Friday, June 18, 2010

Duck Fishing

This is a true story about me helping a duck.

When I was 17, maybe a month out of high school, I spent the day with a friend I hadn't seen much of since graduation. Among other hanging out and catching up, she and I went for a walk around Lake George in St. Cloud, MN. About three-quarters of the way through our circumnavigation of the lake I noticed some young-ish boys [I would guess they were probably somewhere between 8 and 12 years old] in kind of a panic and then a female duck rampaging among them. It didn't take long to discover that the boys had been doing some catch and release fishing when one of them had hooked poor Mama Duck in the leg. I ended up deciding to take the initiative to physically imobilize the duck, push the fish hook through her leg and sever the fishing line so that she could get away relatively unharmed. I think I may have gotten some scratches on my arm but I really don't remember. It can't have been anything serious.
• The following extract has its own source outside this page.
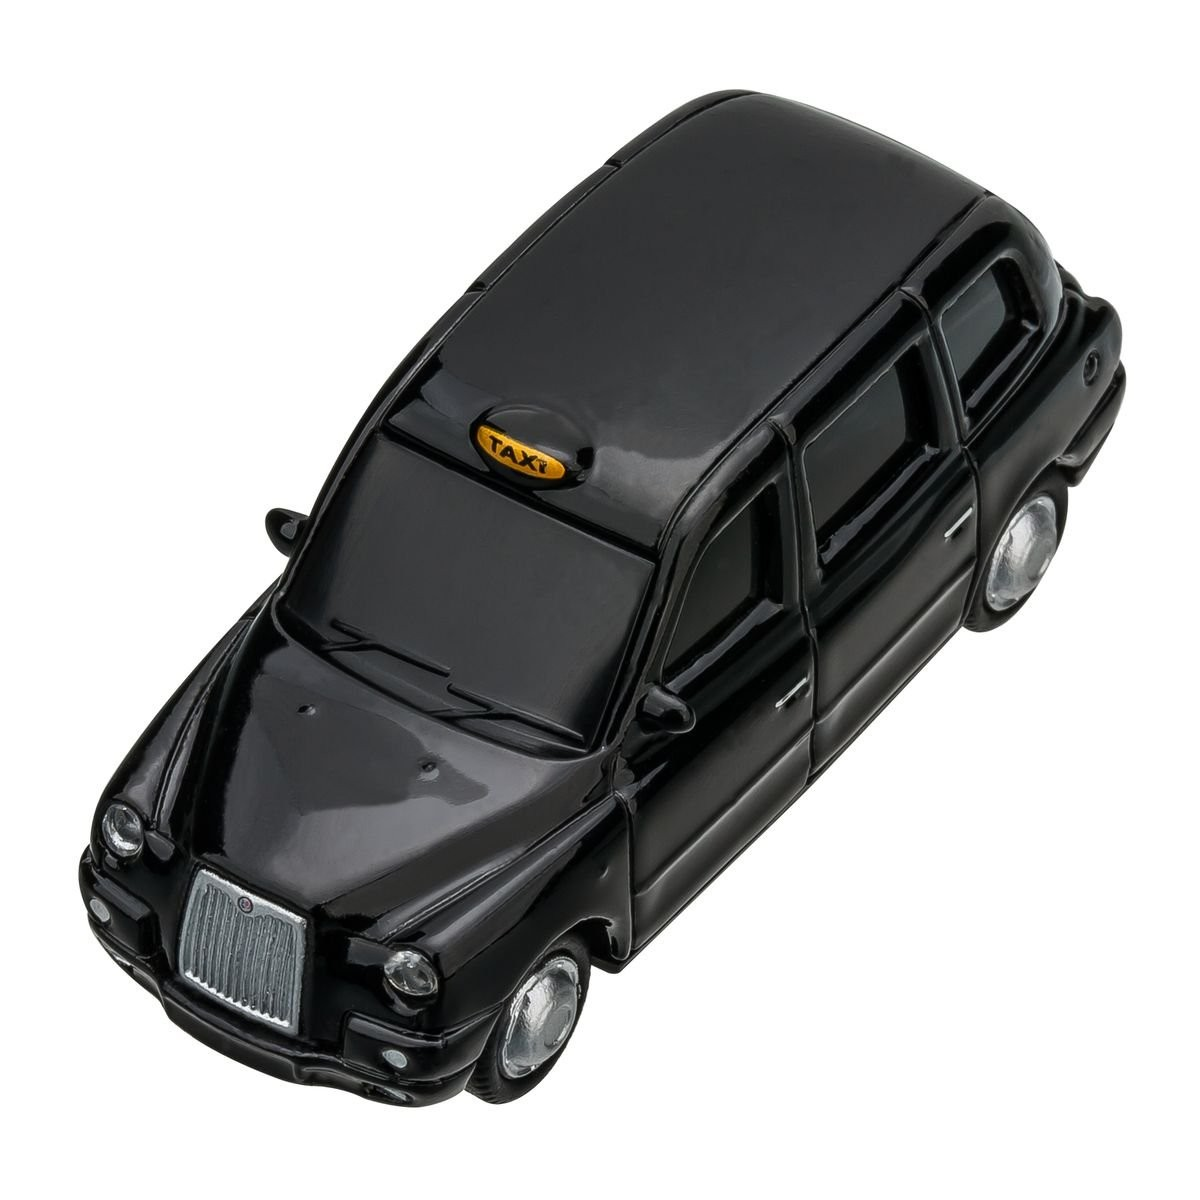 USB-Speicherstick London Taxi TX4 1:72 BLACK 16GB, Ansicht 8
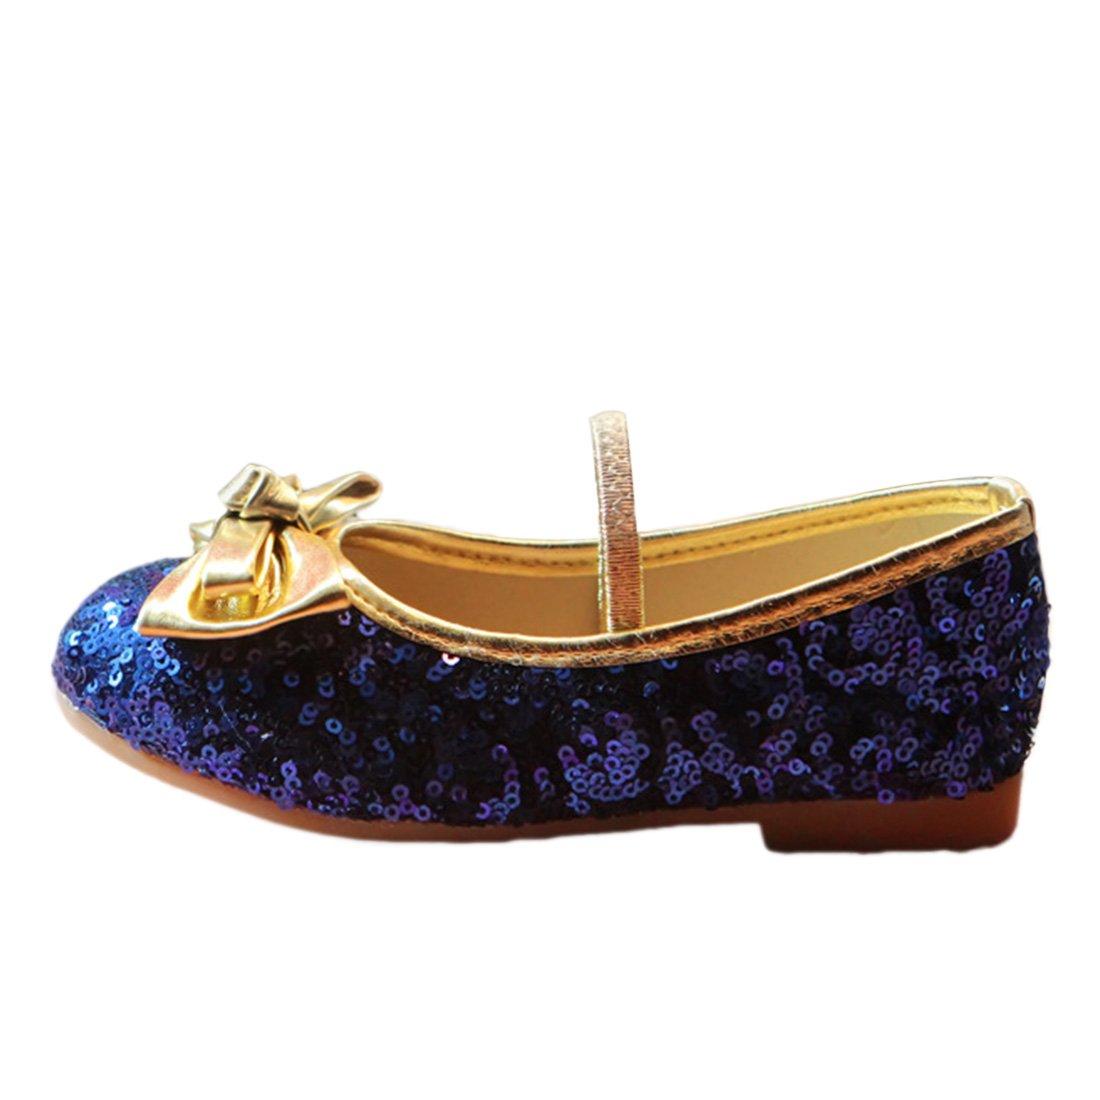 YIBLBOX Toddler Kids Girls Cute Ballet Flats Bowknot Mary Janes Wedding For Party Princess Dress Shoes

In hindsight it's easy for me to wonder to my self why I wasn't paying closer attention to what I was doing back then. Why didn't I think, "Wow! I feel really good about assisting this helpless animal out. I enjoy seeing and interacting with animals. Why don't I make a profession out of that?" But that's hindsight. When I was 17 and waiing to turn 18 and start college I was preoccupied with my social life. I was focused on my lack of a girlfriend, and self-destructively certain that I was going to ride my ROTC scholarship into an Army comission and have a very clearly linear millitary career, never mind the possibility of me dying. I really had no idea beyond that what I wanted to do. I was short-sighted, lonely, unconsciously depressed and self-destructive. But in hindsight the lesson of that experience is clear to me. Now I feel more motivated and ambitious than I ever have in my life with respect to my career. I want to be a vet, and I hope that, that is where the path of my life leads me.